We will perform a mixed effects linear model meta-analysis and weight individual study effect sizes using the DerSimonian-Laird method. Treatment (active drug vs placebo), as well as aforementioned covariates (e.g. disease location, behavior, demographics (age, gender, race) and medication history including anti-tumor necrosis factor failure) will be treated as fixed effects. Individual studies will be treated as random effects. We will also explore network meta-analysis methods if the size of the available data will permit this.
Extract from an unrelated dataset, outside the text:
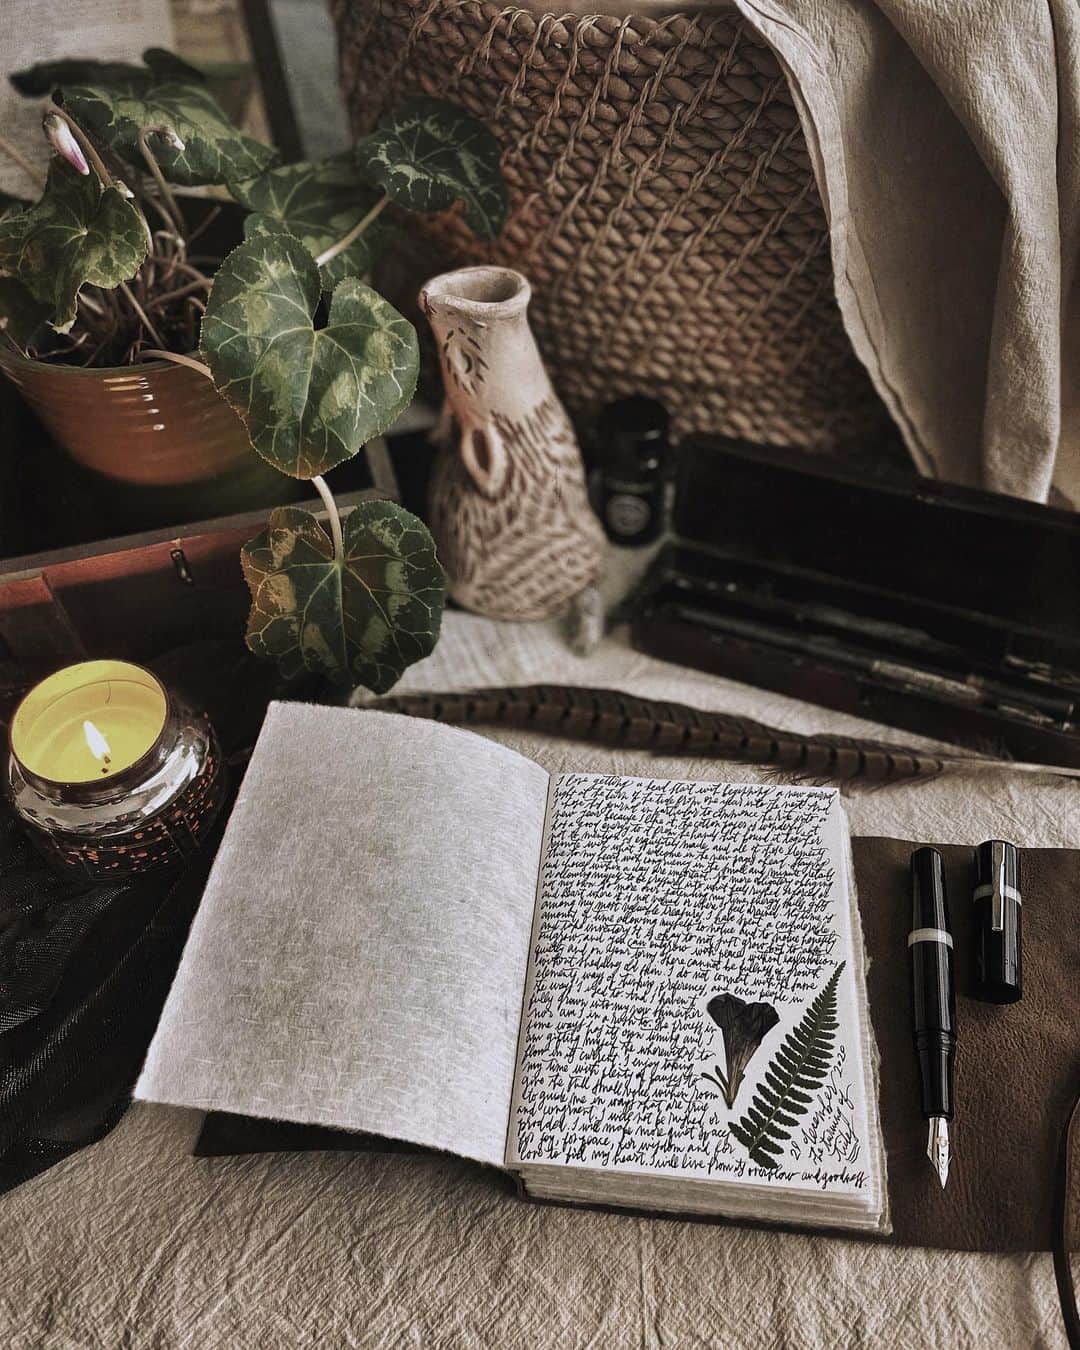 Catharine Mi-Sookさんのインスタグラム写真 - (Catharine Mi-SookInstagram)「Commencing a journal at the turn of the tide and the precipice from one year to the next. I prefer starting new pages and books right in the turning. There is a magic in that space. Hibernation mode is fully afoot and I am enjoying the extra quiet to attune to the still and small within the heart. Lots of noticing in the musings of late, much without judgment one way or another, more just taking note and adjusting the chords for a lovely harmony. In the noticing I’ve discovered how uncharted notions can turn things sideways and upside down. Things that I feel I should like, I’ve discovered I really don’t. Other areas where I feel like I should feel good in connection to whatever it is, I find myself feeling drained. In the growing, there is a quiet outgrowing. Sometimes I hardly notice it until one day things just don’t fit anymore and are quite uncomfortable. In this particular turn of seasons, I’ve let be with it and dare I say enjoy it. It’s a fruitful process and one that’s been nourishing and filling. I don’t have all my ducks lined up for the new year and I’m taking things slow. No more rushed pressure or prodding, but rather mindful strides with pauses and noticing, attuning and adjusting, with much gratitude in the laying down and opening anew. . . . . Model 19 Fountain Pen & Black Cherry Ink @franklinchristoph. Leather Handmade Journal w/ cotton paper @quillandarrow. Ceramic Wolf Incense Burner #mypitchpine @pitchpinepottery. Luna Alpha Ring @foxand.thefawn. . . . . #journaling #journalinspiration #memoirs #franklinchristoph #fountainpens #penmanship #quillandarrow #bookbinding #handmadejournal #pitchpinepottery #booksandcandles #foxandthefawn #metalsmithing #creativespace #darkacademiaaesthetic #darkandmoody #candlelovers #anthropologiehome #capturequiet #beautyofstillmoments #cozycorner #daysofsmallthings #livemoremagic #lightacademiaaesthetic #abmathome」12月30日 4時20分 - catharinemisook

Measures to Adjust for Multiplicity, Confounders, Heterogeneity:
We will assess study heterogeneity using Q and I-squared statistics. We will adjust for multiple testing using the Benjamin-Hochberg method to maintain a false discovery rate at the 0.05 level.
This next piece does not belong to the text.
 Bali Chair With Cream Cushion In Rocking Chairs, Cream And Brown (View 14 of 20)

Sensitivity Analysis: We will assess the sensitivity of our model to intention-to-treat vs per-protocol analysis, inclusion vs exclusion of patients receiving non-FDA approved dosing, as well as statistical significance with and without multiple hypothesis correction. We will also test the sensitivity of our model using leave-one-out tests, and interactively perform the meta-analysis with n-1 studies to test if the result are influenced by one particular study.
QC Plan: We anticipate that many of the requested patient-level datasets have already undergone data-cleaning activities as a part of the study database lock process in the course of carrying out the trial. Our data-cleaning activities will focus on harmonizing the data between data-sets to facilitate meaningful meta-analytic cross-comparison and usage of the statistical software.
Programming Plans: We will be performing all data visualization and statistical analysis in the R programming environment. We will use the following statistical computing packages:
Crohn's Disease is a heterogenous disorder encompassing distinct clinical phenotypes which arise from different biological pathways. Preclinical and clinical studies suggest that the efficacy of different agents does vary by disease phenotype, including anatomical location. Although these data are commonly collected in clinical trials, they have not been uniformly analyzed by strata nor meta-analyzed across studies by phenotype. As such, clinicians are left to recommend treatments based on best guess of efficacy rather than high-quality evidence. Therefore, we propose to meta-analyze this existing trial data as an important first step towards realizing precision medicine for Crohn's Disease.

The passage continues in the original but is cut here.